Republicans versus TR

As I posted earlier this week, President Obama delivered a speech in Kansas affirming his commitment to economic fairness and invoking an earlier president, Theodore Roosevelt, who delivered his famous “New Nationalism” speech in the same town (Osawatomie) a little more than a century ago.

Among other things, the then-former president said in 1910:

The absence of effective state, and, especially, national, restraint upon unfair money getting has tended to create a small class of enormously wealthy and economically powerful men, whose chief object is to hold and increase their power.

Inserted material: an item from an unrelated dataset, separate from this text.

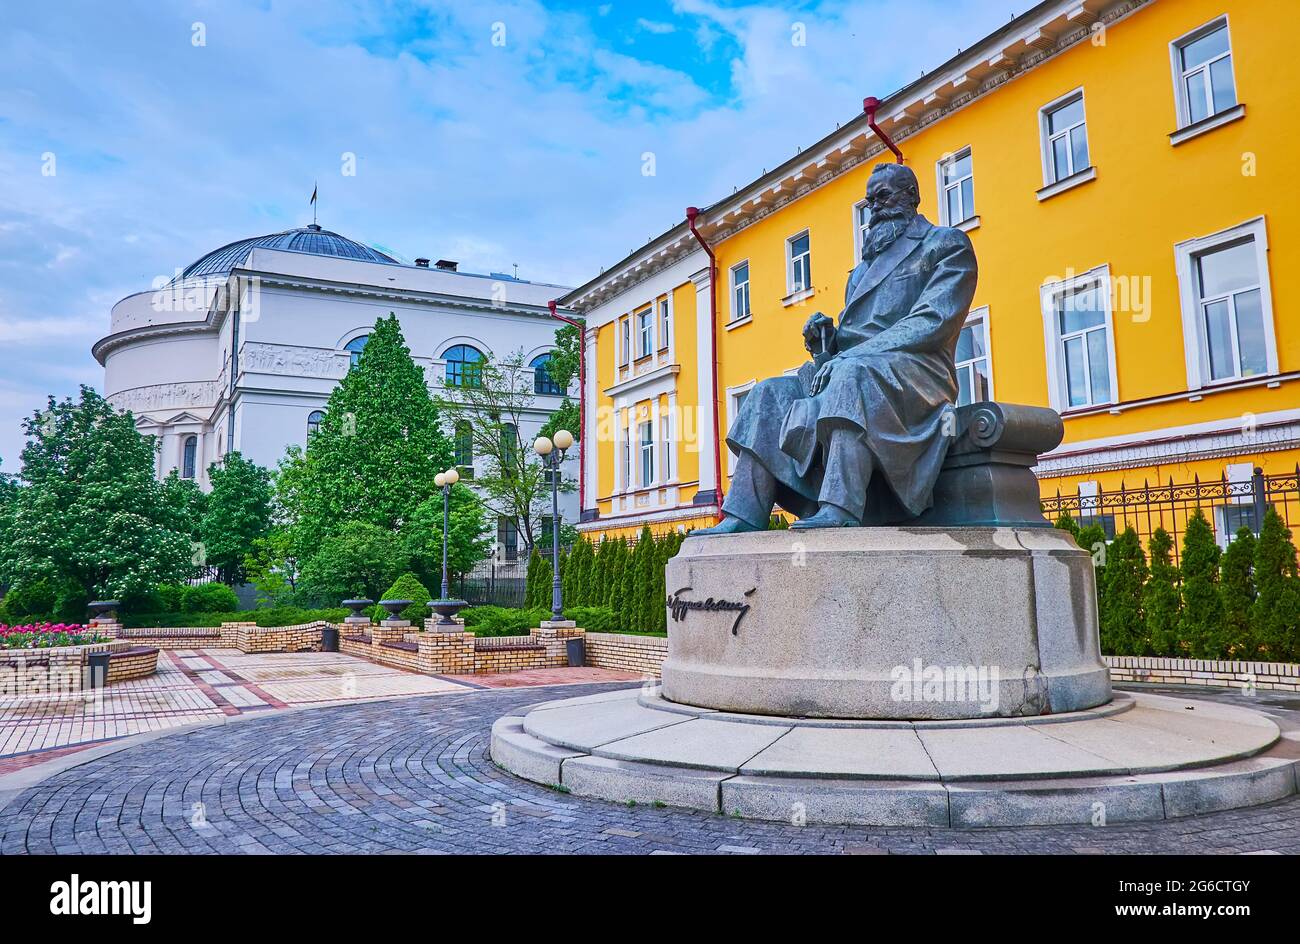 KIEW, UKRAINE - 18. MAI 2021: Das Denkmal für Mychailo Hrushevsky, angrenzend an das Gebäude der Taras Schewtschenko Universität und das Lehrerhaus (f Stockfoto
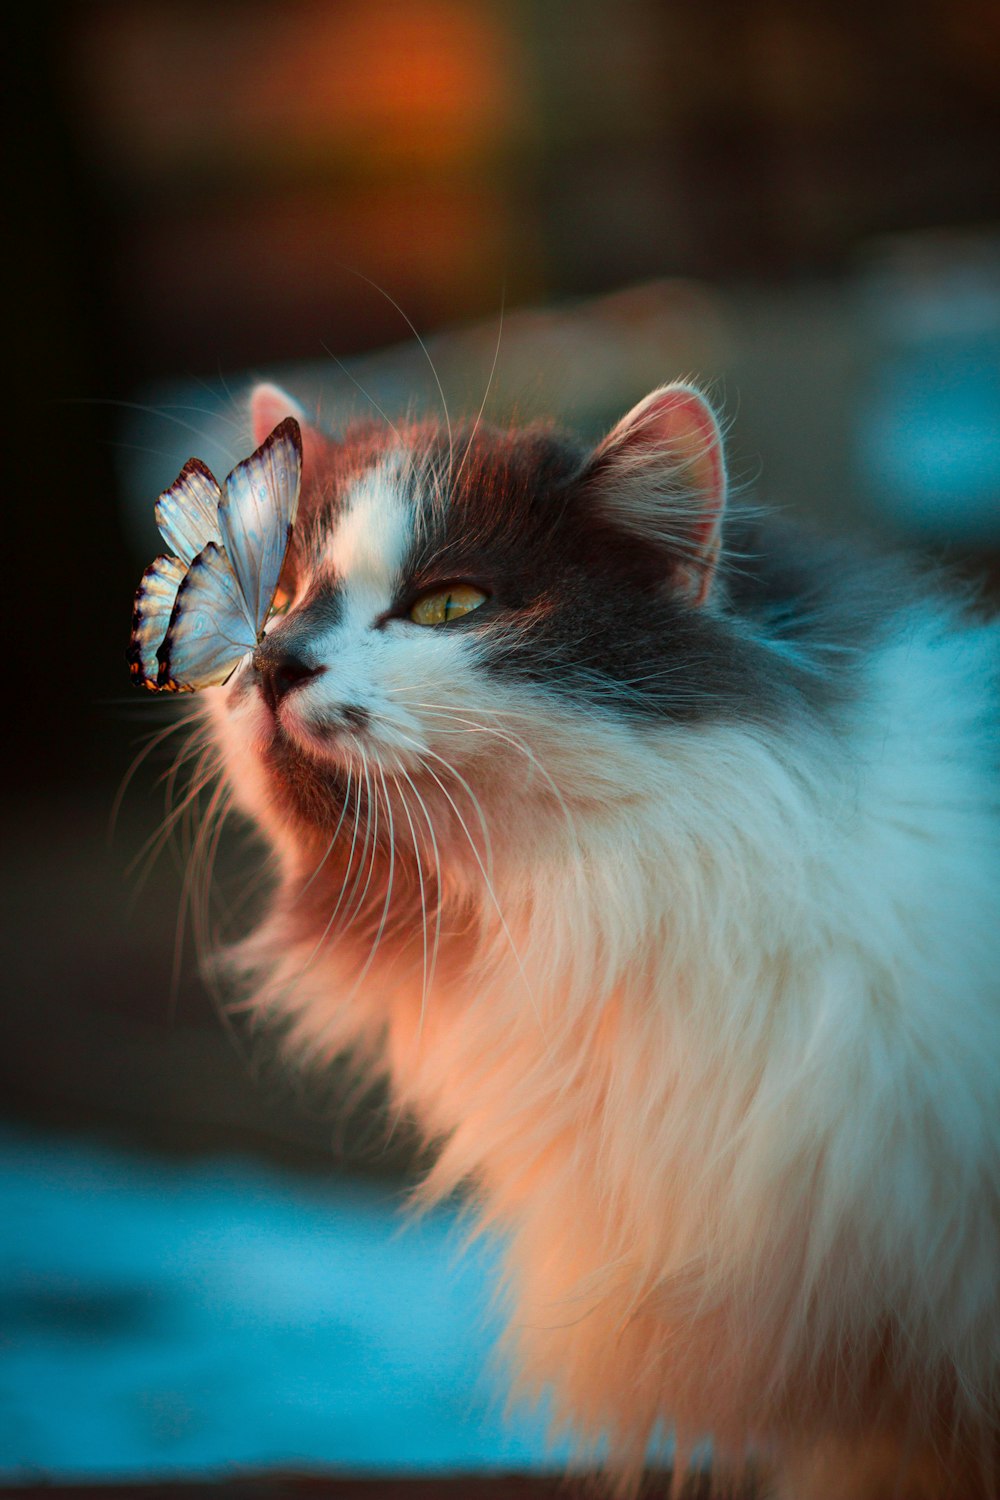 farfalla bianca appoggiata sul naso del gatto

The prime need is to change the conditions which enable these men to accumulate power which it is not for the general welfare that they should hold or exercise.

While Obama embraces the spirit of the Republican Roosevelt, conservative Republicans have gone to some lengths to put some distance between themselves and TR.

New Republic blogger Timothy Noah writes:

In May [conservative columnist George] Will complained that presidential candidate Tim Pawlenty sounded "like a dime-store Teddy Roosevelt" and added, parenthetically, "the real TR was bad enough." On National Review Online Michael Knox Beran has complained of TR, "Rather than use government to promote freer, more competitive markets, he used it to promote government itself." Need I remind you that TR was for Obamacare before even Mitt Romney?

The Heritage Foundation’s Web site reproduces TR’s "New Nationalism" speech and, in a preface, explains that this was a key historical turning point that put America on the road to serfdom:

"The radical change from the Founders and Lincoln is clear: In the name of ‘national efficiency,’ Roosevelt calls for ‘real democracy.’ Society’s needs become the measure of individual rights. ‘We should permit [fortunes] to be gained only so long as the gaining represents benefit to the community.’ Such an admittedly dramatic ‘increase in government control is now necessary.’ He proposes a ‘Federal Bureau of Corporations.’ There follow graduated or progressive income and inheritance taxes on ‘big fortunes.’ Thus, the federal and state Departments of Agriculture should ‘extend their work to cover all phases of farm life.’

"But the regulation of the national economy requires control over private life as well. In order to fulfill government’s purpose of serving the welfare of the people, Roosevelt demands ‘a genuine and permanent moral awakening.’ The federal government must even mold the family and education to guarantee Progressive results. The ‘New Nationalism’ stands not only for a strong military and global presence but also nationalization of life generally."

Last year Glenn Beck (who used to be a big deal on the right) identified TR as pretty much the antichrist. Yesterday on Fox News, correspondent Chris Stirewalt said

"What Teddy Roosevelt was calling for was sort of a socialistic nationalism in which the government would take things away from people who got things that he didn’t think they should have, give it to the working man, they talk about the square deal, fairness, all of these new mandates for government, something the Republican party has walked away in very decided fashion certainly since the Reagan era, in terms of what the role and purpose of government is."

The distinguished presidential historian Megyn Kelly chimed in: "Teddy Roosevelt was calling for something akin to a socialist nationalism," prompting Stirewalt to reply, "Exactly." Kelly then puzzled over why Obama would embrace so obvious a scoundrel: "Why would President Obama want to do anything that would associate himself with that word, ‘socialist,’ which has been used against him by so many of the current Republican presidential candidates, among others?"

I think maybe she was confusing TR with Emma Goldman. An easy enough mistake to make.

Now if only there were some way to get rid of that third president from the left carved into Mount Rushmore.

To save the cost of blasting, a more budget-conscious solution might be something like this, which would require only a few hundred buckets of black paint.:

Noah continues:

… Roosevelt was a reformer who worried that unless America’s disparities of wealth were addressed there might be a Marxist revolution. It sounds quaint today, but Republicans (and Progressives) used to worry about that sort of thing. Here’s what TR wrote in his 1916 autobiography:

"I have always maintained that our worst revolutionaries today are those reactionaries who do not see and will not that there is any need for change. Such men seem to believe that the four and a half million Progressive voters, who in 1912 registered their solemn protest against our social and industrial injustices, are ‘anarchists,’ who are not willing to let ill enough alone. If these reactionaries had lived at an earlier time in our history, they would have advocated Sedition Laws, opposed free speech and free assembly, and voted against free schools, free access by settlers to the public lands … and the abolition of imprisonment for debt; and they are the men who today oppose minimum wage laws, insurance of workmen against the ills of industrial life and the reform of our legislatures and our courts, which can alone render such measures possible. Some of these reactionaries are not bad men, but merely shortsighted and belated. It is these reactionaries, however, who, by ‘standing pat’ on industrial injustice, incite inevitably to industrial revolt, and it is only we who advocate political and industrial democracy who render possible the progress of our American industry on large constructive lines with a minimum of friction because with a maximum of justice."

Aren’t you glad we don’t have anybody like that today?